IRAQ: la spia Ahmed Chalabi

Gli spagnoli lasciano l’Iraq. 472 detenuti lasciano il carcere di Abu ghraib.
A cura di amismp Gli ultimi soldati spagnoli hanno lasciato oggi la base di Diwaniya, nel sud dell’Iraq.

E’ iniziato questa mattina il rilascio di un gruppo di 472 detenuti dal carcere iracheno di Abu Ghraib. Nel penitenziario delle torture, testimoniate da altre foto pubblicate oggi dal Washington Post, si trovano al momento 3.500 detenuti, ma le autorità militari puntano a ridurli a 1500, tramite scarcerazioni o trasferimenti in altri centri di detenzione.

Ma a destare scalpore è soprattutto la perquisizione, ieri, da parte delle truppe statunitensi dell’abitazione di Ahmad Chalabi, leader dell’Iraqi National Congress e, fino a poco tempo fa, figura particolarmente vicina all’amministrazione di Washington. Ora Evening News, trasmissione della CBS , rivela: Chalabi avrebbe passato all’Iran informazioni di intelligence statunitense, che avrebbero potuto portare all’uccisione di americani. br>
“Funzionari degli Stati Uniti – riferisce la Cbs – ci hanno rivelato, oggi, di avere prove” che mostrano come “Chalabi passò informazioni di intelligence altamente riservate all’Iran.
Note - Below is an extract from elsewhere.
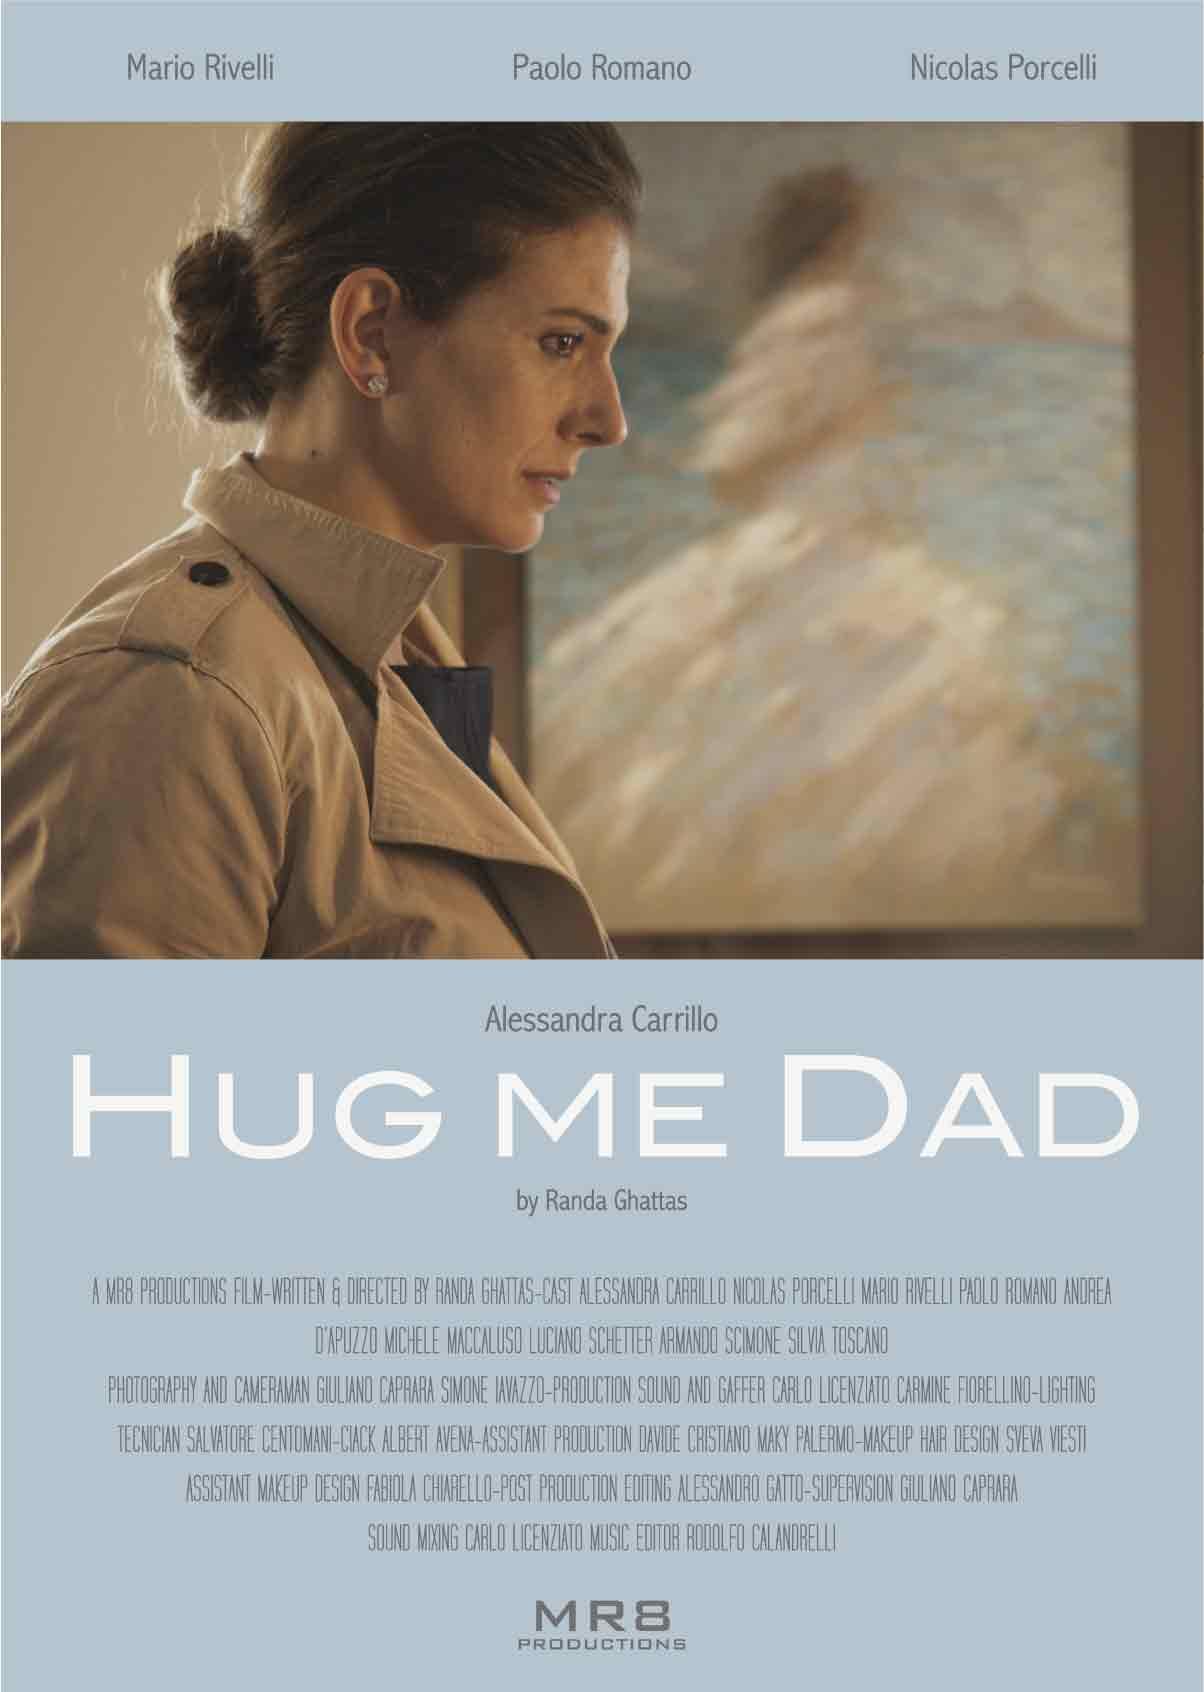 Hug me dad poster MR8 Productions

Le prove – viene aggiunto – mostrano come Chalabi abbia consegnato personalmente a funzionari dei servizi segreti iraniani informazioni così riservate che, se rivelate, avrebbero potuto portare alla morte di americani”.
Il rapporto ottenuto dalla Cbs non ha ricevuto conferme indipendenti. Secondo la rete televisiva un aiutante di Chalabi ha definito le accuse “senza senso” considerandole, invece, un tentativo della Cia di screditare lo stesso Chalabi. Sempre a giudizio della Cbs, sarebbe in corso una indagine ad alto livello per verificare chi, nella amministrazione americana, posssa avere passato all’uomo politico iracheno simili informazioni.

A Kerbala, un cameraman della tv al Jazira è rimasto ucciso in scontri tra militari americani e miliziani di al Sadr. Violenti combattimenti sono avvenuti, la notte scorsa, anche a Najaf.